Меня так и подмывало сказать ей злое словцо, но я сдержался и, немного постояв, поплелся в общежитие. Что же делать? Денег у меня осталось всего лишь два рубля. Хлеб стоит 85 копеек килограмм, а сахар – 4 рубля 10 копеек. Как же прожить восемь дней? У меня мелькала мысль занять немного деньжат у ребят, но они такие радостные рыскали по магазинам, тратя последние рубли на подарки своим маленьким братишкам и сестренкам, что мне казалось просто кощунством грабить их в такой торжественный момент.

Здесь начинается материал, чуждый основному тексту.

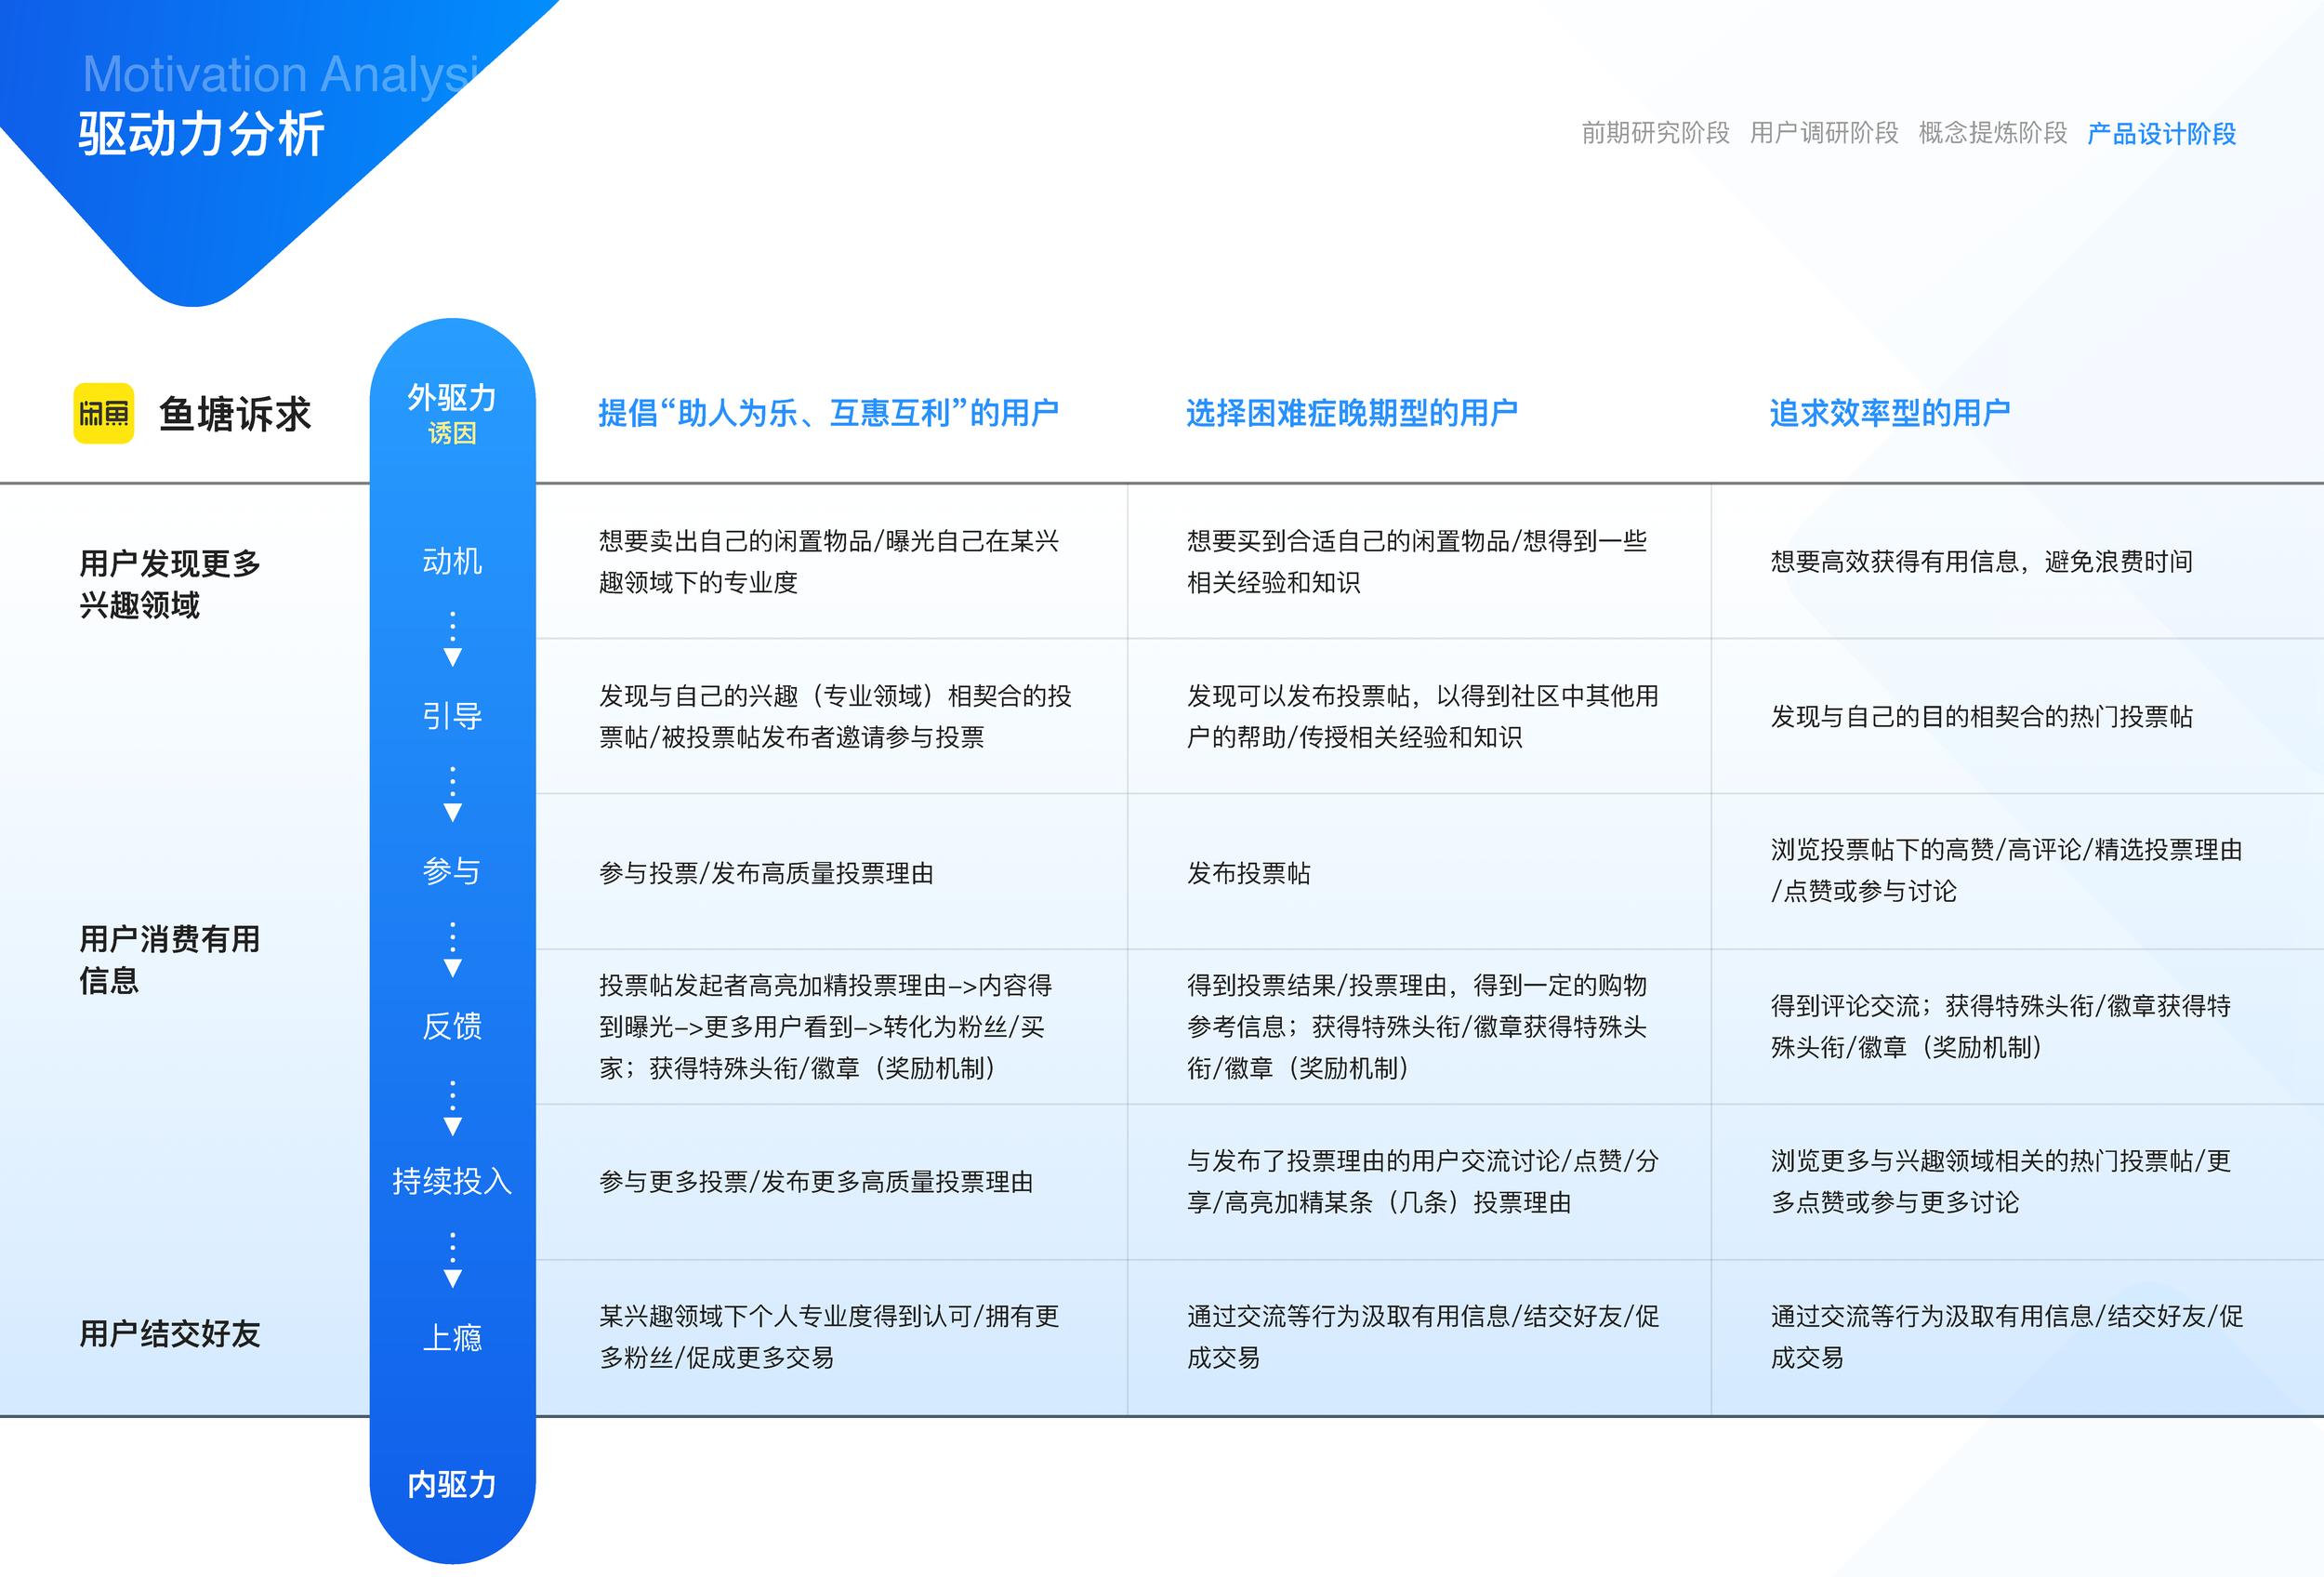 闲鱼社区互动设计(17小组油猫饼)_页面_23.png

Плохо, что весной не устроишься ни собирать в колхозе помидоры и огурцы, ни разгружать арбузы и дыни в порту – вообще не найдешь никакой работы. А в общем-то жалобно скулить нет веской причины. Подумаешь беда: живот подтянуть нужно! Надо только лучше рассчитать, сколько граммов хлеба есть в день и строго следить, чтобы не выходить из нормы. Могу купить два килограмма хлеба. Даже с довеском, можно прожить. Все перемелется!..

Никогда у меня не было таких нудных, таких противных каникул. Я подсчитывал даже не дни, а часы, нетерпеливо ожидая, когда же наступит 8 апреля, когда же, наконец, могильная тишина в нашей осиротевшей комнате сменится привычным разноголосым гамом, надоедливым треньканьем мандолины, шумным хлопаньем постоянно открывающейся двери.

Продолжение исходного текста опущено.